Cancers in the SV40 mice start very early, as early as 4 weeks, and it would be important to collect information about the initiation of DCIS at this stage. It is currently difficult to perform an intra-ductal injection earlier than 15 weeks because the nipple is very small. We hope in the future to be able to develop better injection methods so that we can perform ductography on younger mice. However, even at 15 weeks we are able to study a range of cancers, because each mammary duct typically contains in situ cancers at different stages.

To our knowledge, this is the first dynamic 3D MRI study of contrast agent washout following intra-ductal injection into a mammary gland.
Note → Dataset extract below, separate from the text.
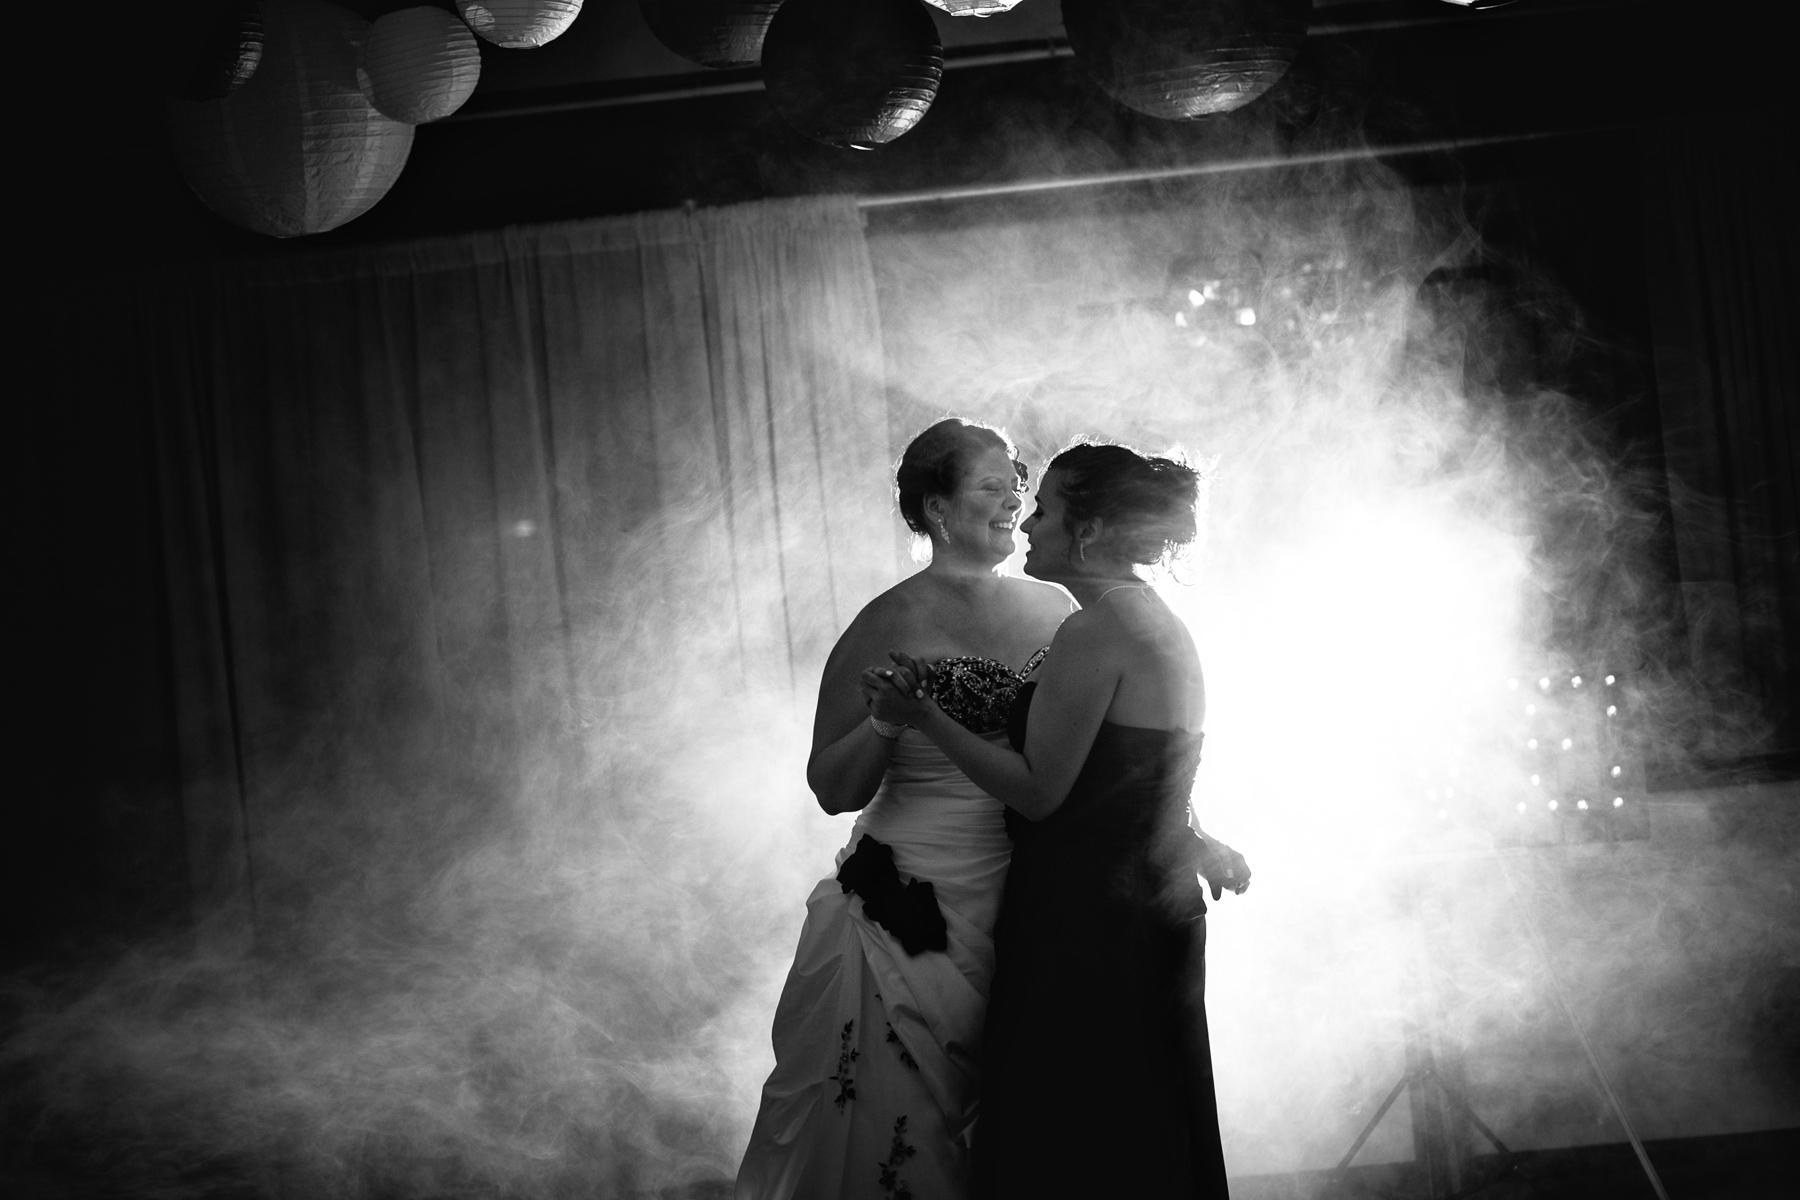 082-awesome-joggins-fossil-wedding-nova-scotia-kandisebrown-jl2016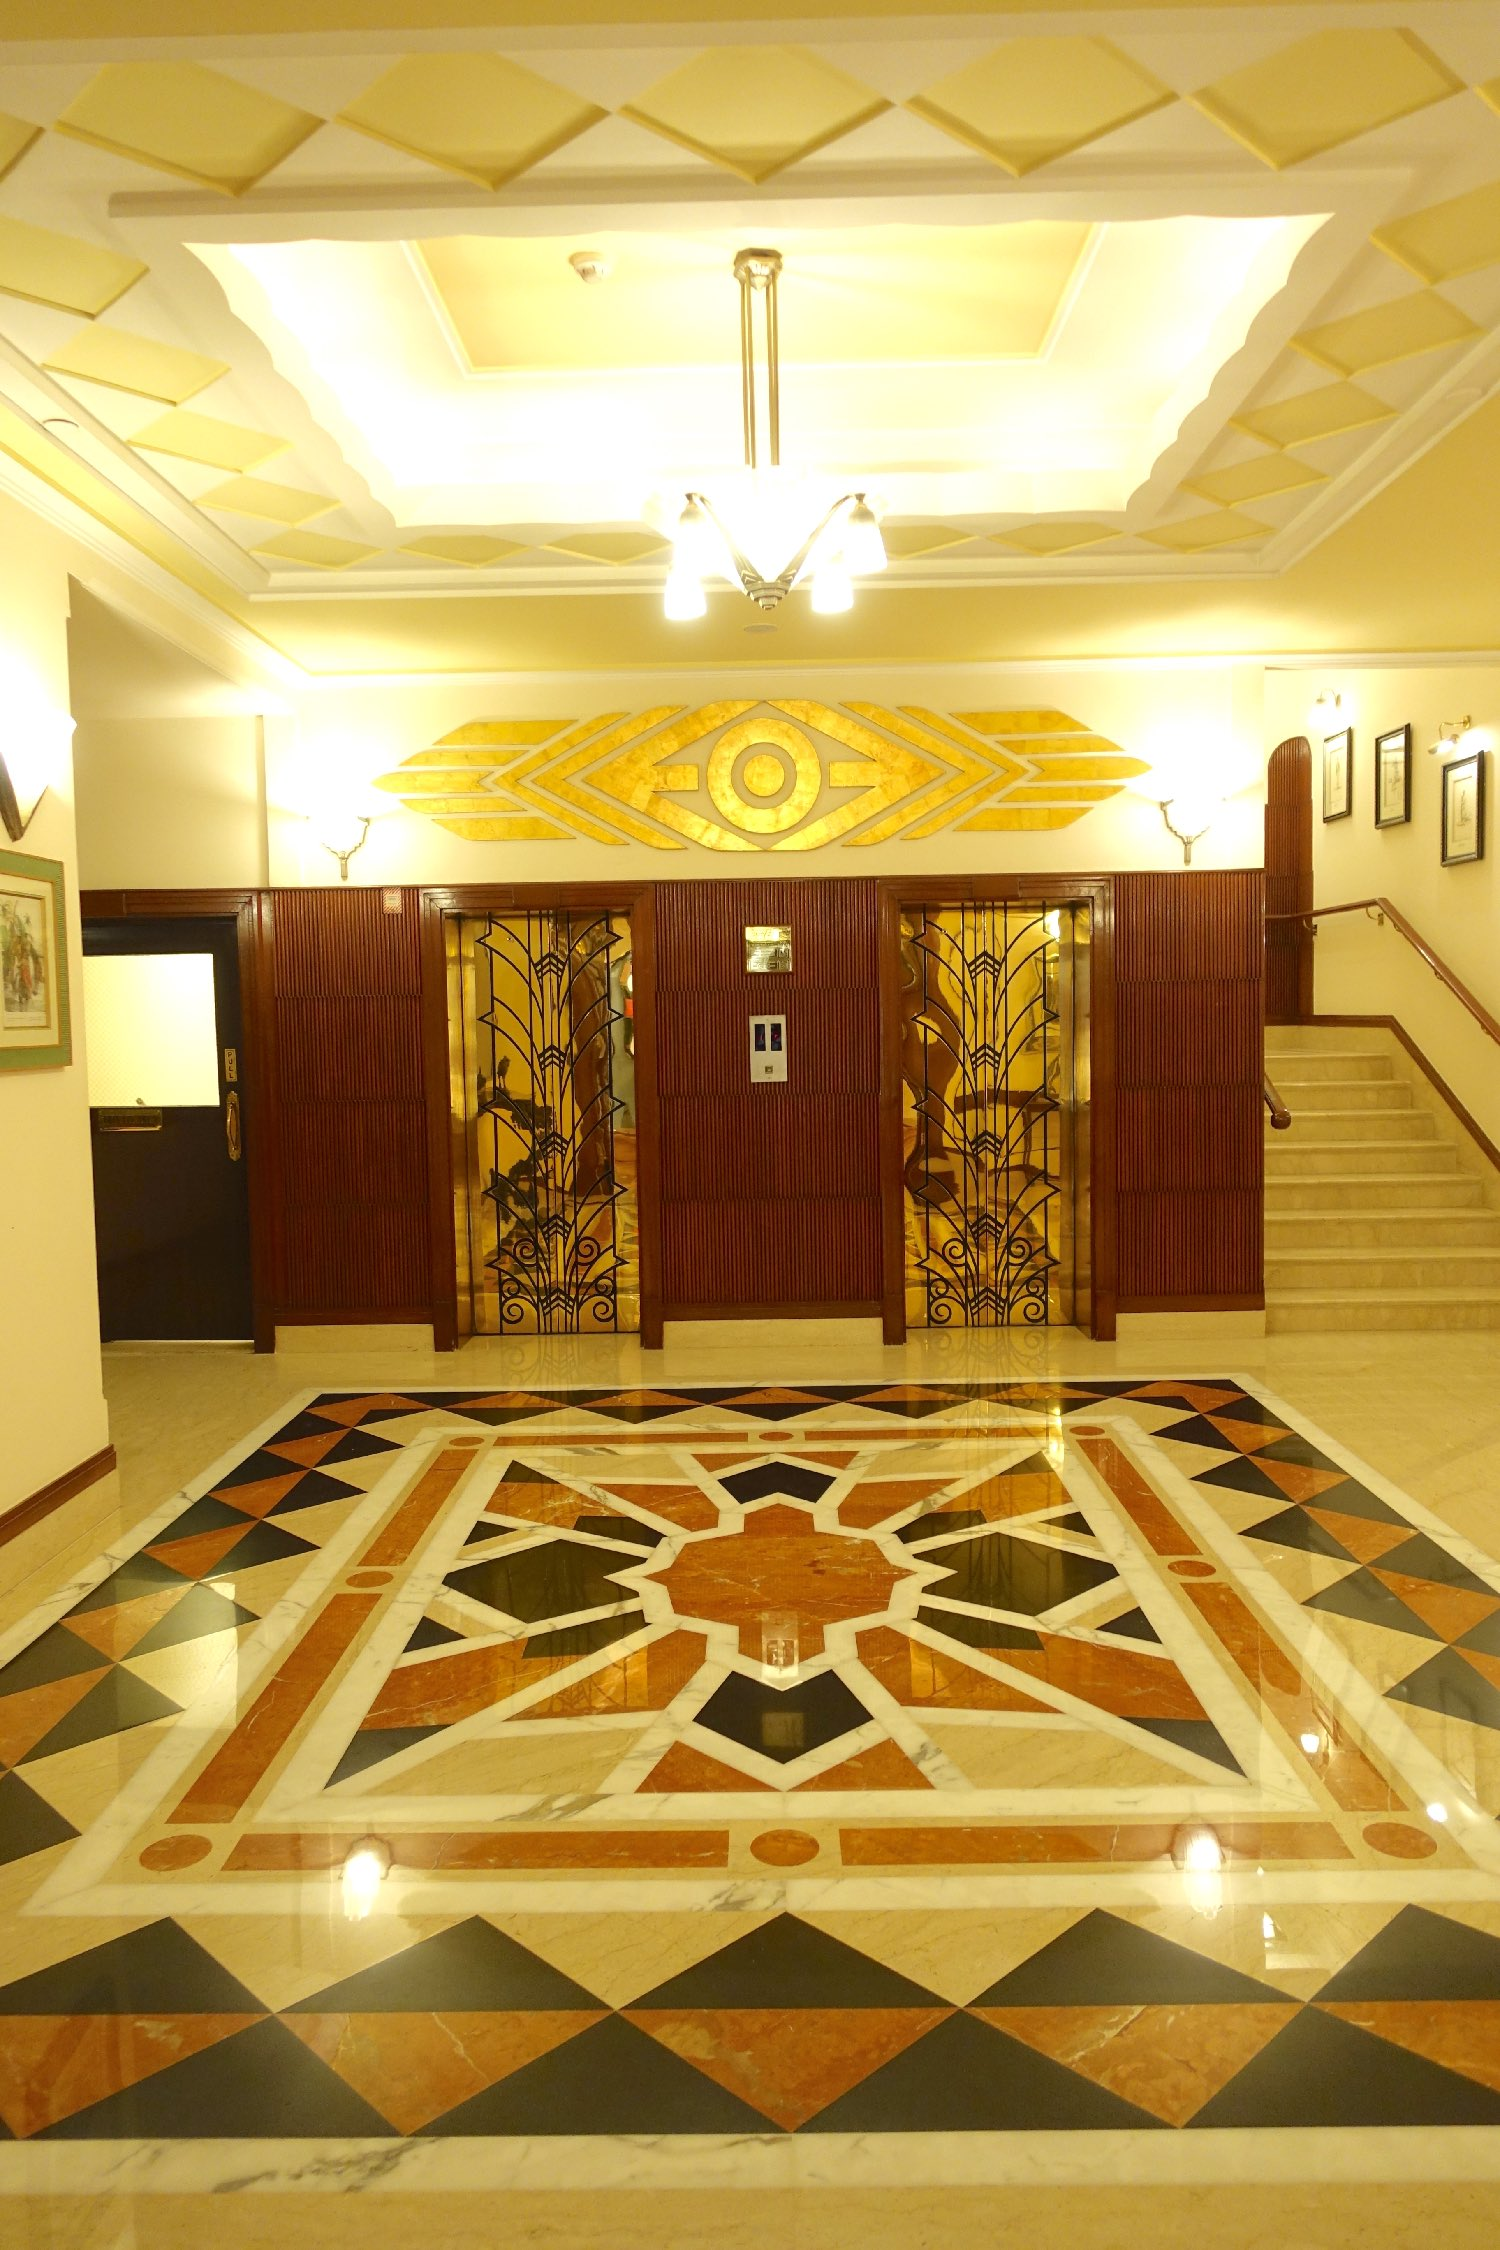 New Delhi | The Imperial Hotel | The Imperial New Delhi | Lift | Taj group | ©sandrine cohen

The results of this pilot study provide support for the clinical use of ductography to find early cancers that are not detectable by traditional MRI. In addition, acquisition and analysis of DCE-MRI data after conventional I.V. injection of contrast media could be adapted to detect accumulation of contrast media in ductal lumens. MRI detection of increased ductal permeability could contribute to the clinical diagnosis of early in situ cancer, and changes in ductal permeability could be tracked as an indicator of response to therapy.